6502.org

Hello folks,

First post here and a big day for me.

I believe I now have a working model of a 6502 Logisim circuit that (I think) will translate well to a viable hardware implementation on 7400 series chips. It’s an important milestone on my way to building a TTL 6502 and (eventually) a C64 to host it. I was a complete newb to hardware design when this crazy project started (still am really), so this is a big deal to me. My first attempt was a totally impractical design (particularly the instruction decoder and sequencer which required well over a hundred nested gates and implemented only a heavily simplified version of the 6502 instruction set – see attached pic. It actually worked but what a monster!). I suppose it would have been advisable to start this foray into hardware design with a less ambitious project. Nevertheless, this is where I’ve landed and as you may be able to tell, I like jumping into things with both feet in any case.

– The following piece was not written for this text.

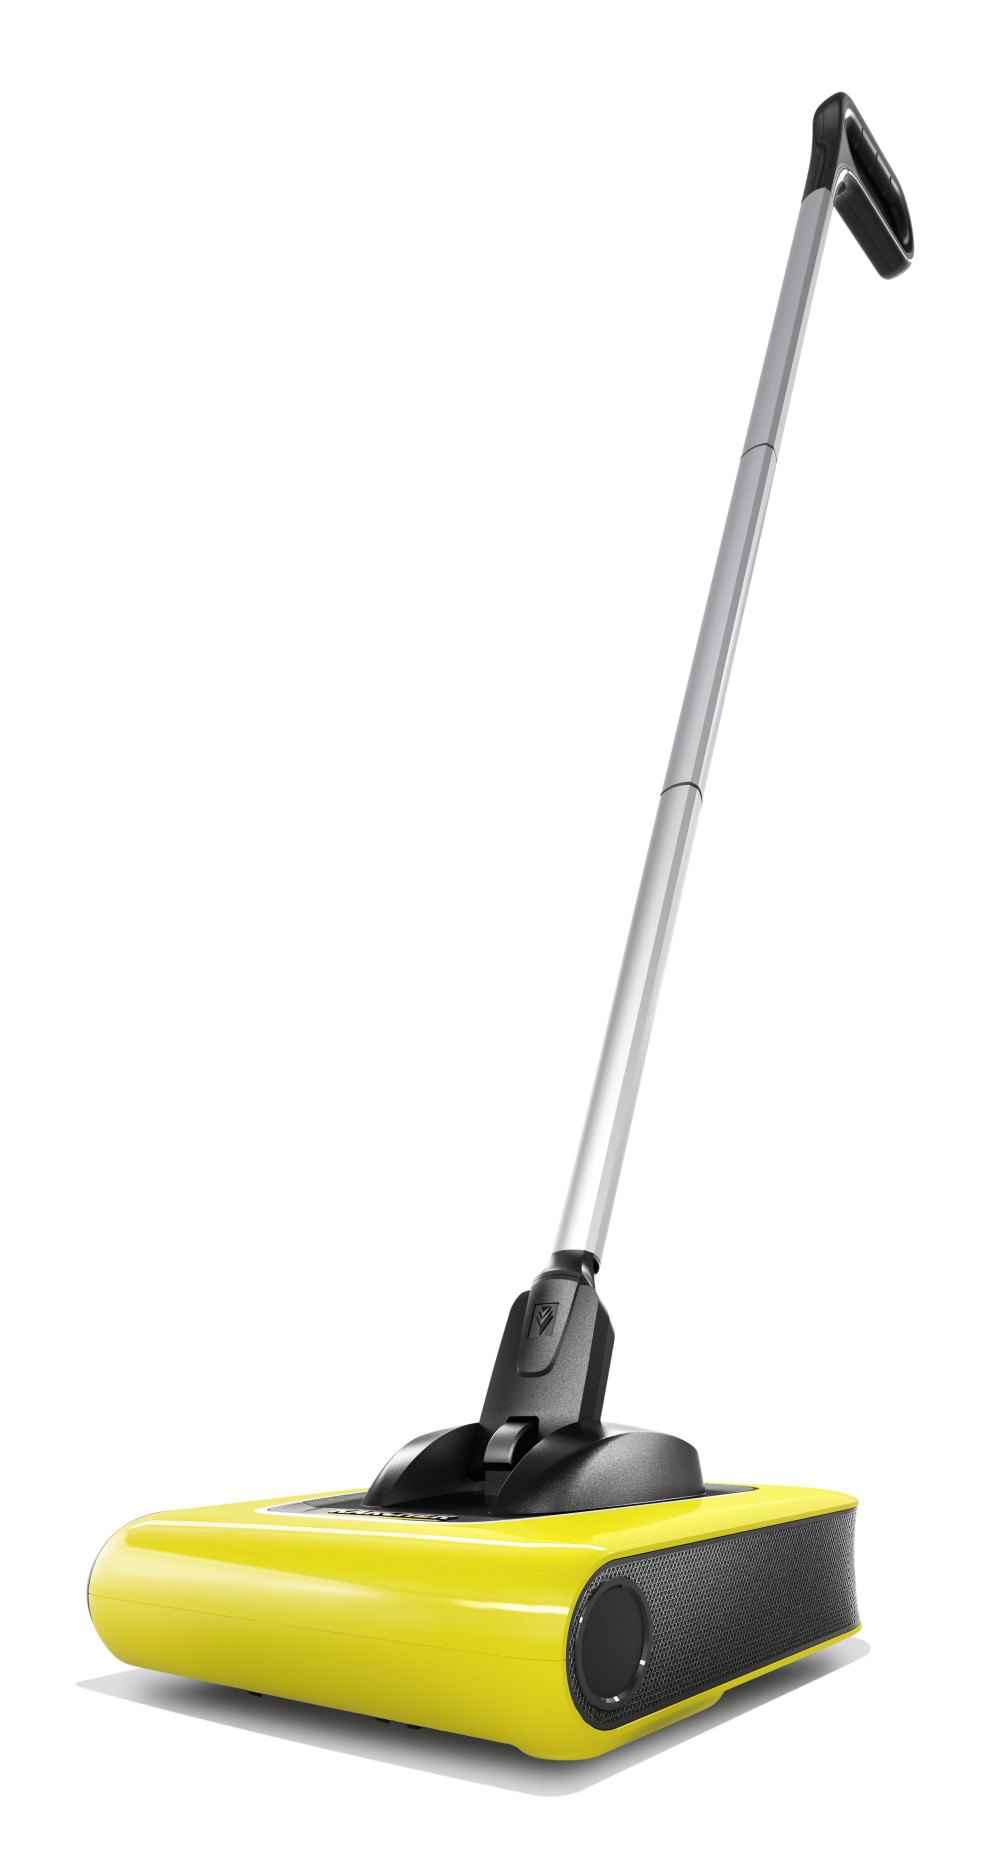 Kärcher KB5 Cordless Electric Broom featured image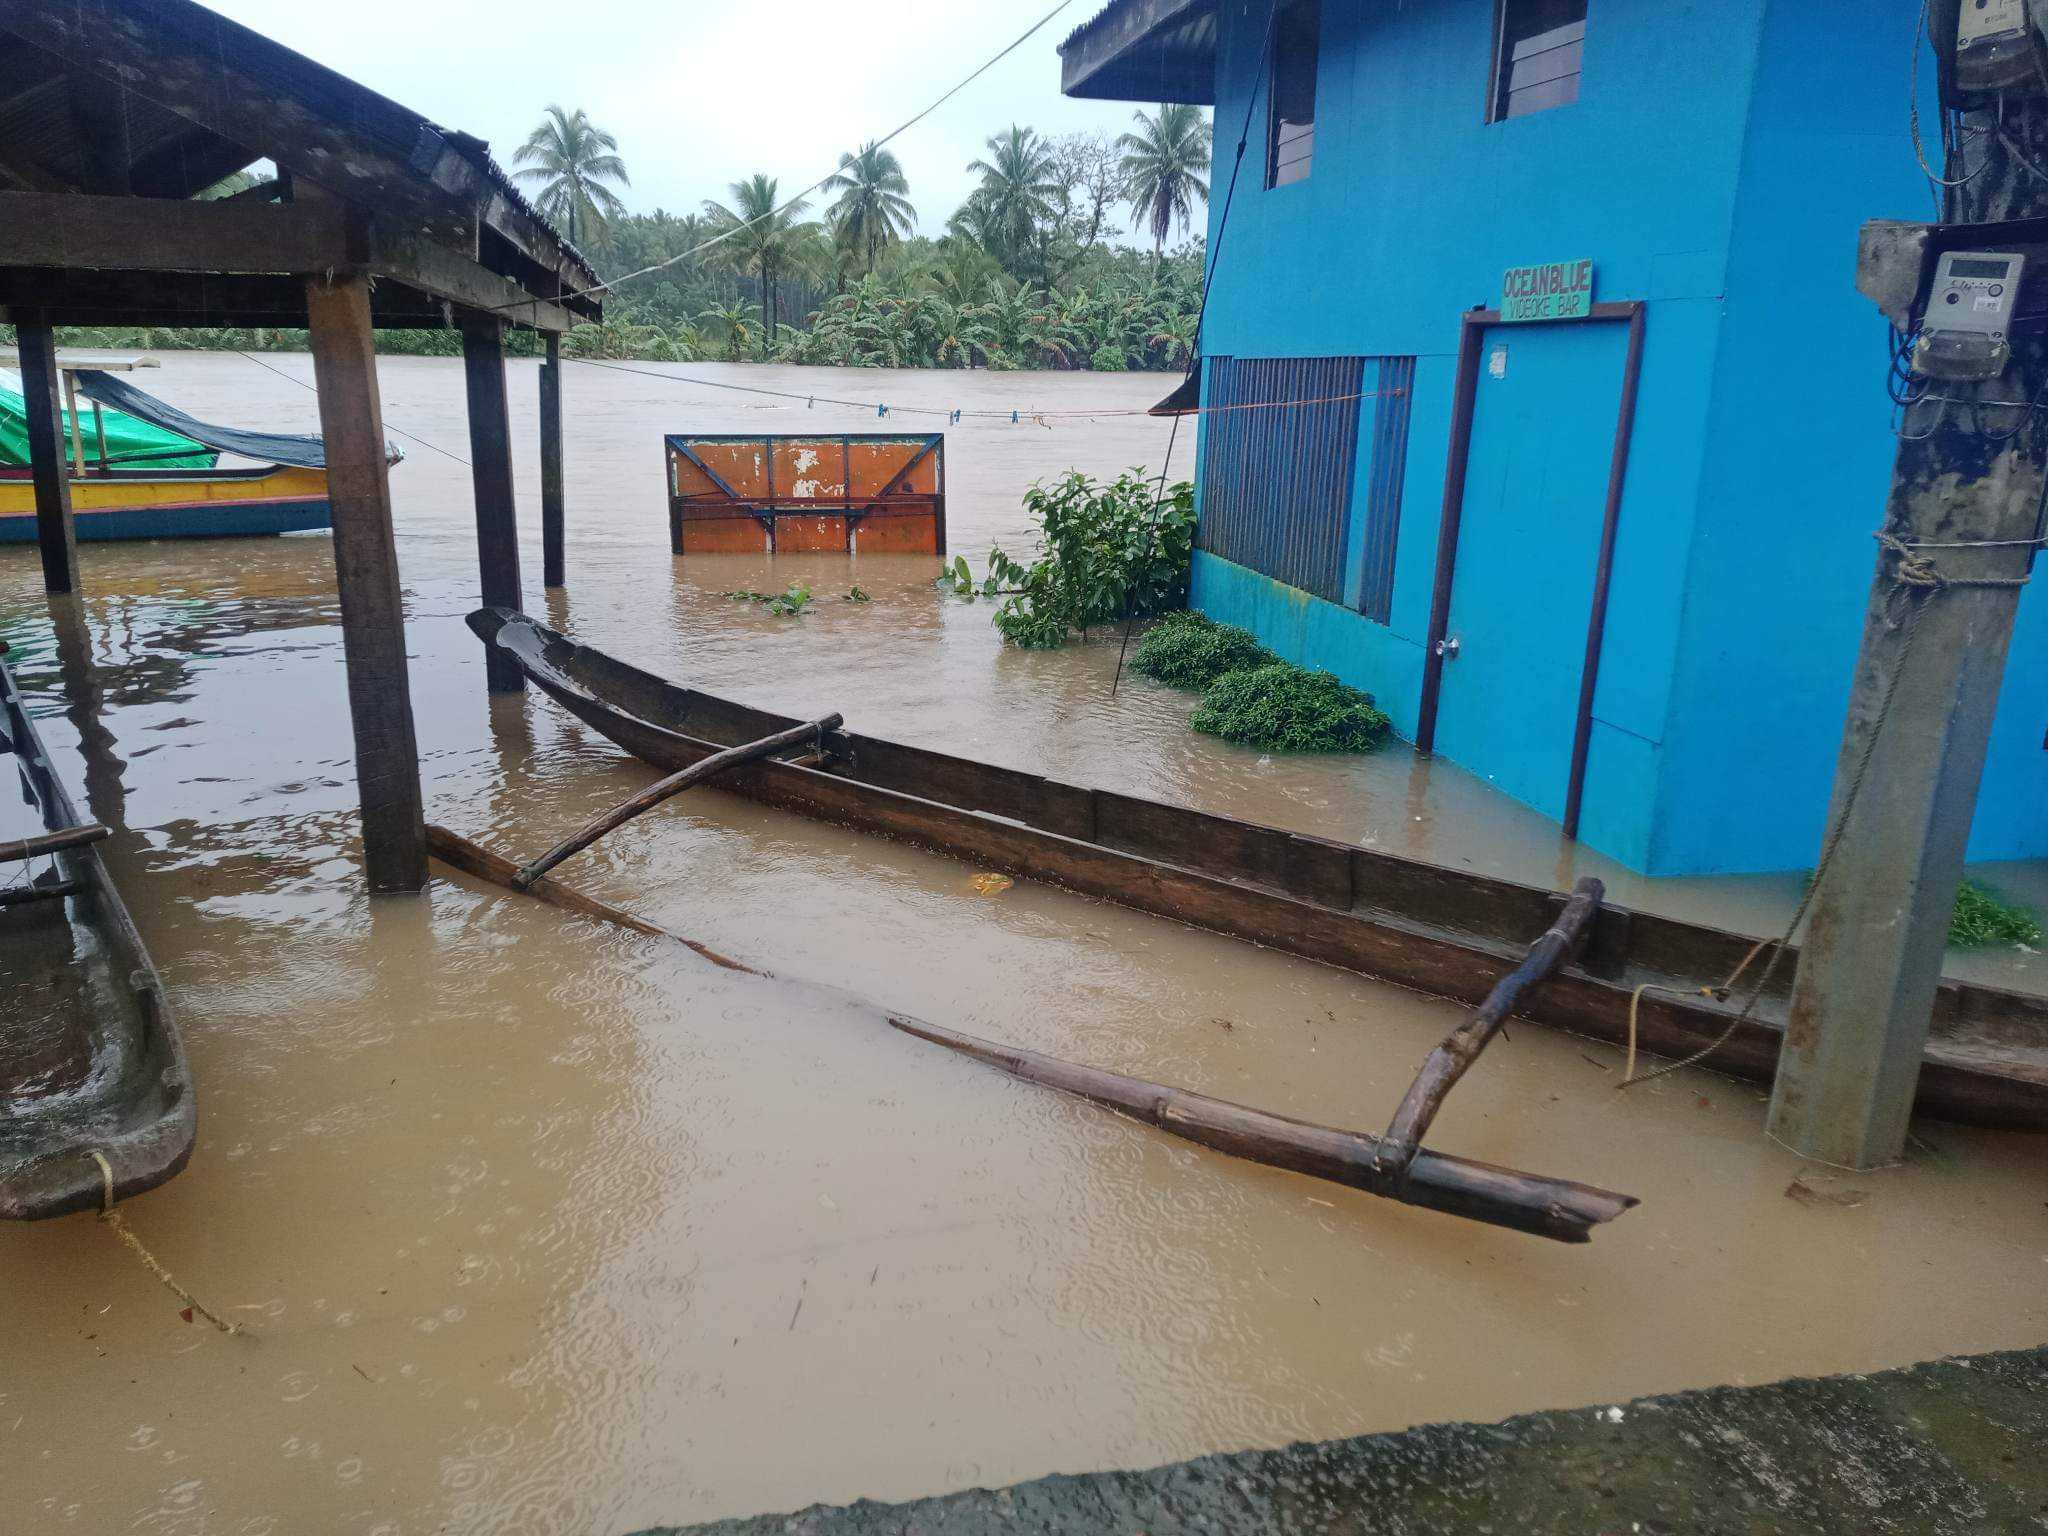 Eastern Samar placed under state of calamity due to massive flooding

There is no way for me to really know what will happen when I try to get this second (and much simpler) microcode-based design onto real chips, but I can at least be optimistic. I have tried to use only elements with ready 7400 series equivalents (no crazy 12 input gates, etc.), and tried also to meet their data sheet requirements as I went. Fingers crossed on how that will go. In the meantime, so far as I can tell, the Logisim simulation I have here is fairly accurate but with some differences worth noting. Here is a summary:

• Full 6502 instruction set, including all addressing modes, registers, decimal mode and RS, NMI, and IRQ interrupts,
• Microcode implementation (I wanted a minimum number of ROMs so kept some good ol’ gate-level decoding to stay within a 32 bit control word),
• Single 50% duty-cycle clock rather than the 6502 two-phase one (have to confess to not really understanding the requirement for two non-overlapping phases vs. using a single rising-edge to clock all flip-flops. The later seems much more straight forward. Any explanation on the trade-offs here would be very much appreciated),
• Official opcodes only (all illegal opcodes are NOPs, with the exception of $FA, $FC and $FF which are used for NMI, RS and IRQ microcode sequences respectively),
• Interrupts are recognized at the beginning of the instruction cycle but ignored once a given microcode sequence has begun (the simulation will not recognize an NMI, for example, once the microcode sequence for a lower priority IRQ is in progress),
• No SYNC line implemented (although I think I might be able to use the “Write to IR” control signal almost as is for this?)
• Address and Data busses are held in high-impedance state during phase 1 of the clock to facilitate a memory mapped screen RAM design,
• /BEN (Bus ENable) input pin tri-states the busses asynchronously when high (I think this is roughly equivalent to the 6510’s AEC pin. I might just drop this given the buses are already available during phase 1),
• The RESET sequence uses the 6502 “inhibited write” spare cycles to initialize the stack pointer and clear the decimal flag,
• ADC and SBC instructions take an extra cycle to complete in decimal mode, flags are updated but I still need to validate this is done properly, (Btw, I am amazed the 6502 can fit the binary operation and the BCD adjustment in one cycle! I found I had to split this into two cycles to get anywhere near reasonable propagation delay through all the required logic),
• JMP absolute instruction takes 4 cycles rather than 3 (this would have required some otherwise redundant logic to preserve the PC after fetching the low-byte of the target address. In the end, I decided the extra cycle was worth the savings in extra data path),
• A few other instructions take fewer cycles to complete than in a standard 6502 (e.g. LSR absolute-indexed instruction takes 6 cycles rather than 7 when a page boundary is not crossed - the microcode can easily be adjusted to add dummy cycles and retain more cycle compatibility in these instances. I will likely do that before finalizing the design just to minimize differences).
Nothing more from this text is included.